Cartier owner Richemont beats Q4 sales forecast despite Middle East hit
Richemont's Q4 Performance and Market Impact
By John Revill
Overview of Richemont's Q4 Results
ZURICH, May 22 (Reuters) - Cartier-owner Richemont reported better than expected fourth-quarter revenue on Friday, as a fall in Middle East sales was offset by strong demand in other regions like the United States and Asia.
The Swiss-based owner of a host of luxury brands, including watchmakers IWC, Jaeger-LeCoultre and Piaget, saw sales rise 13% in constant currencies to €5.40 billion ($6.27 billion) in the three months to the end of March.
Analyst Expectations and Currency Effects
The figure beat analyst forecasts for €5.30 billion in a consensus of analysts gathered by Visible Alpha.
Without excluding currency swings, quarterly sales were up 4%%, Richemont said, a smaller increase mainly due to the euro's strength versus other currencies.
Regional Sales Performance
Middle East Sales Decline
Richemont generates a higher portion of its sales, around 8%, in the Middle East than most industry peers. The company said constant-currency sales there fell by 3% in the quarter, below the 20% growth rate seen a quarter earlier.

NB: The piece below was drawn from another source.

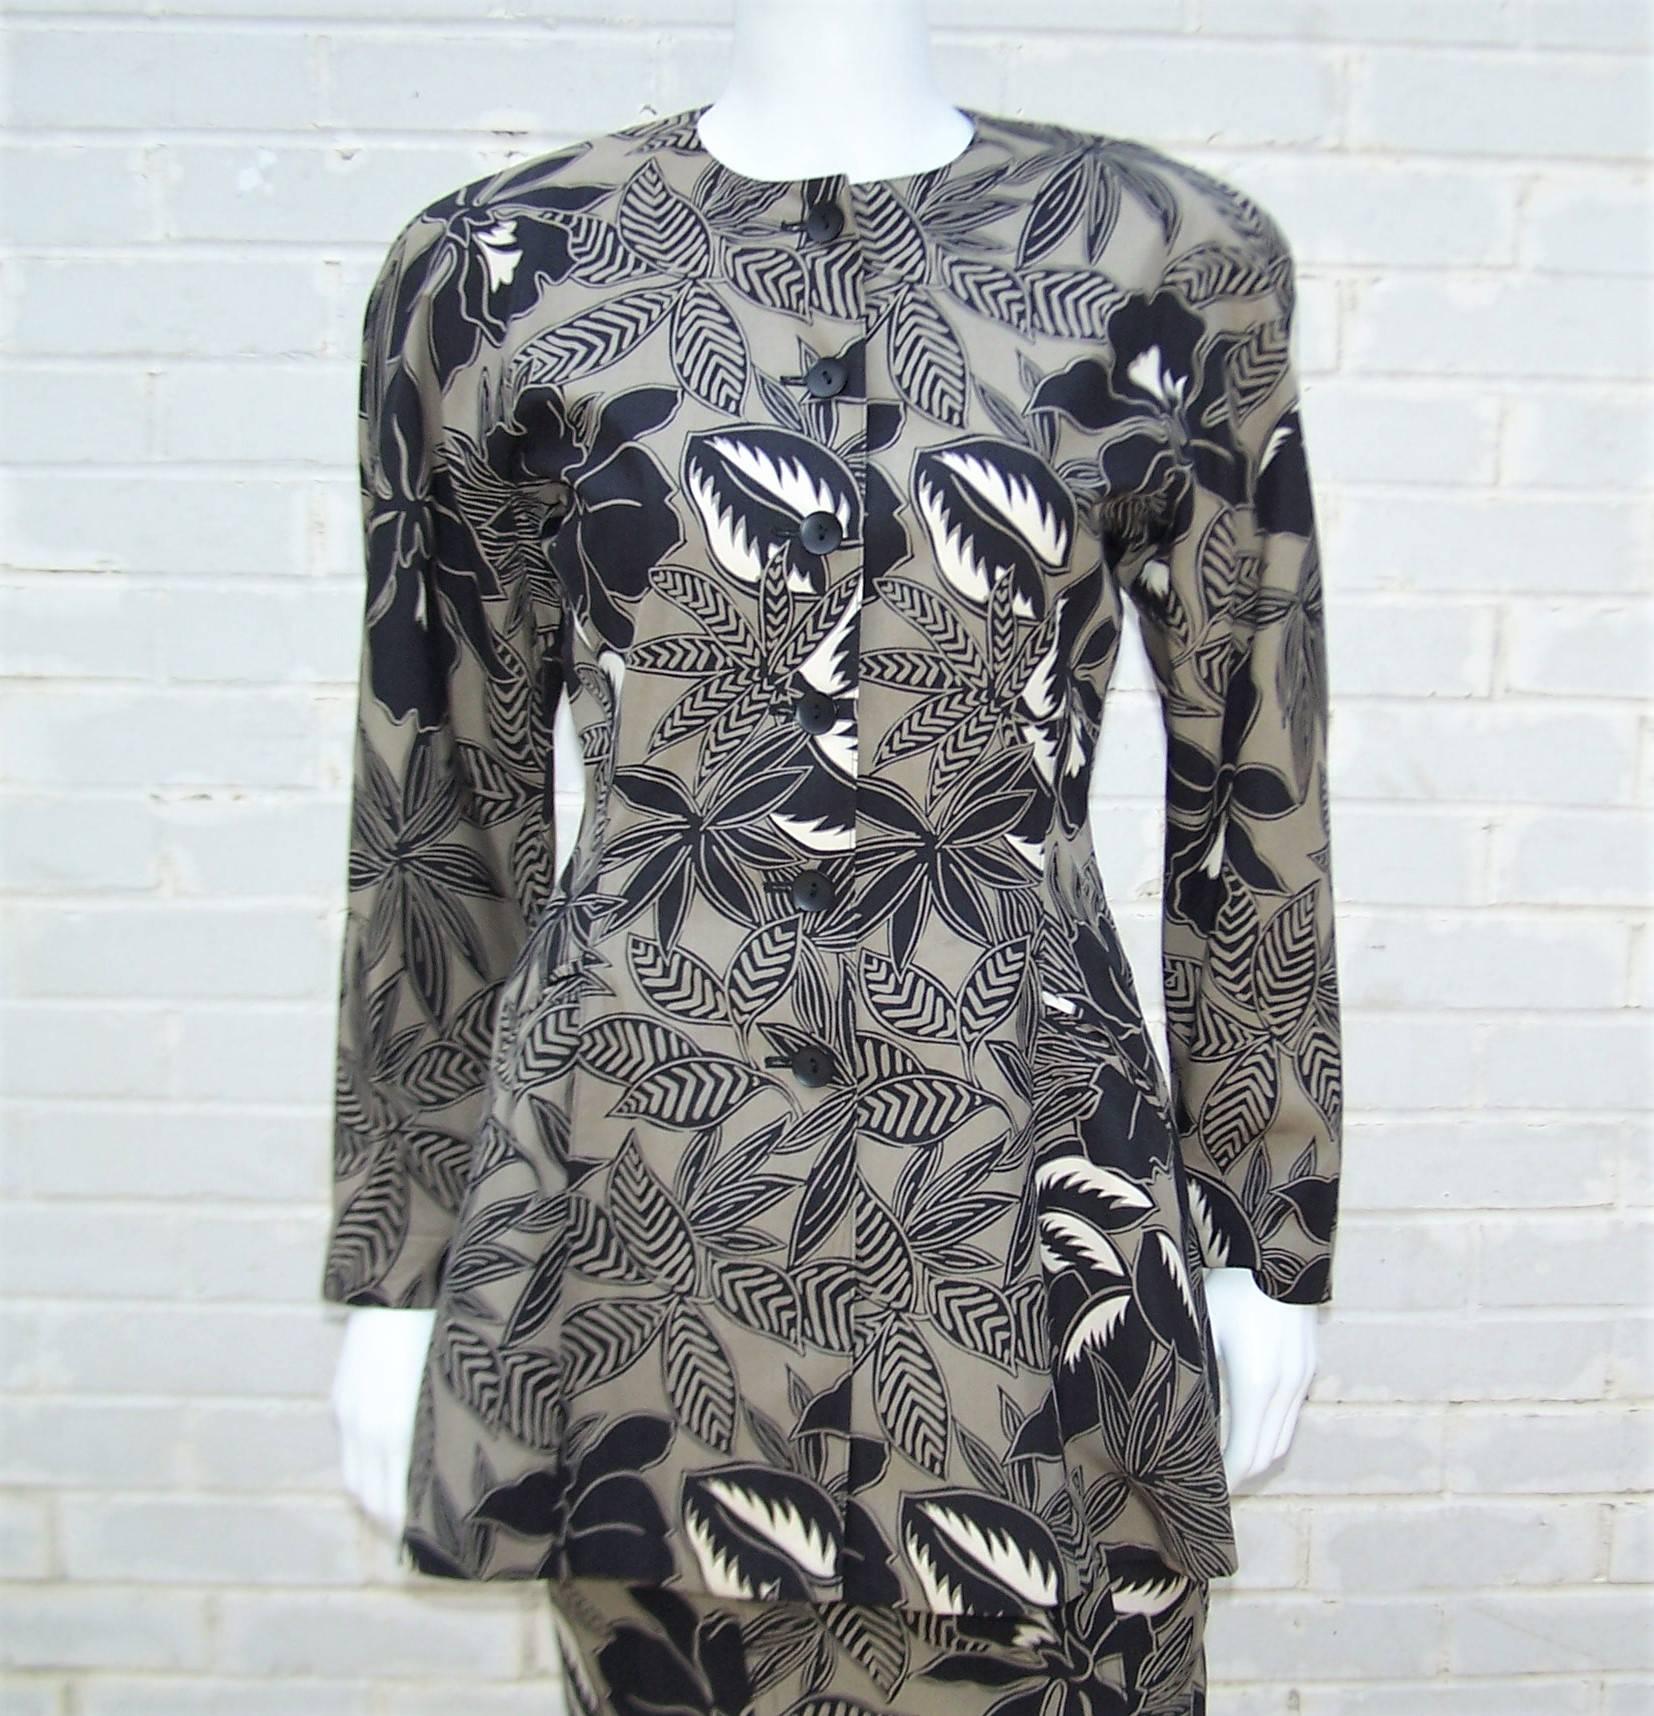 Certaines des plus belles tenues de soirée des années 1980 sont nées de l'esprit artistique de Margaretha Ley et de son label Escada.  Cet amusant imprimé tropical noir et beige est un peu différent, avec un tissu en soie léger plus décontracté,

Outlook and Chairman's Statement
"Looking ahead, uncertainty is likely to persist, not least in relation to developments in the Middle East," Richemont Chairman Johann Rupert said.
Asia and Other Regions
Luxury investors are increasingly worried that 2026 won't be the year of the sector's recovery after close to three years of weak sales led by lacklustre demand in China, now exacerbated by the impact of the Iran war.
Richemont's quarterly Asian sales, however, were up 14%, beating market expectations, with the group saying demand was particularly strong in Hong Kong and South Korea. Japan also saw strong growth of 28% when adjusted for currency swings.
Industry Impact and Market Reaction
The conflict in the Middle East - until recently the sector's most profitable and fastest-growing region - is clouding the outlook for companies from Hermes to LVMH which have had a sluggish start to the year, sending their shares down 24% and 27% respectively since the start of the year.
Shares in Richemont, which have been cushioned by robust demand for its high-end jewellery despite the wider downturn, have shed 9% so far this year.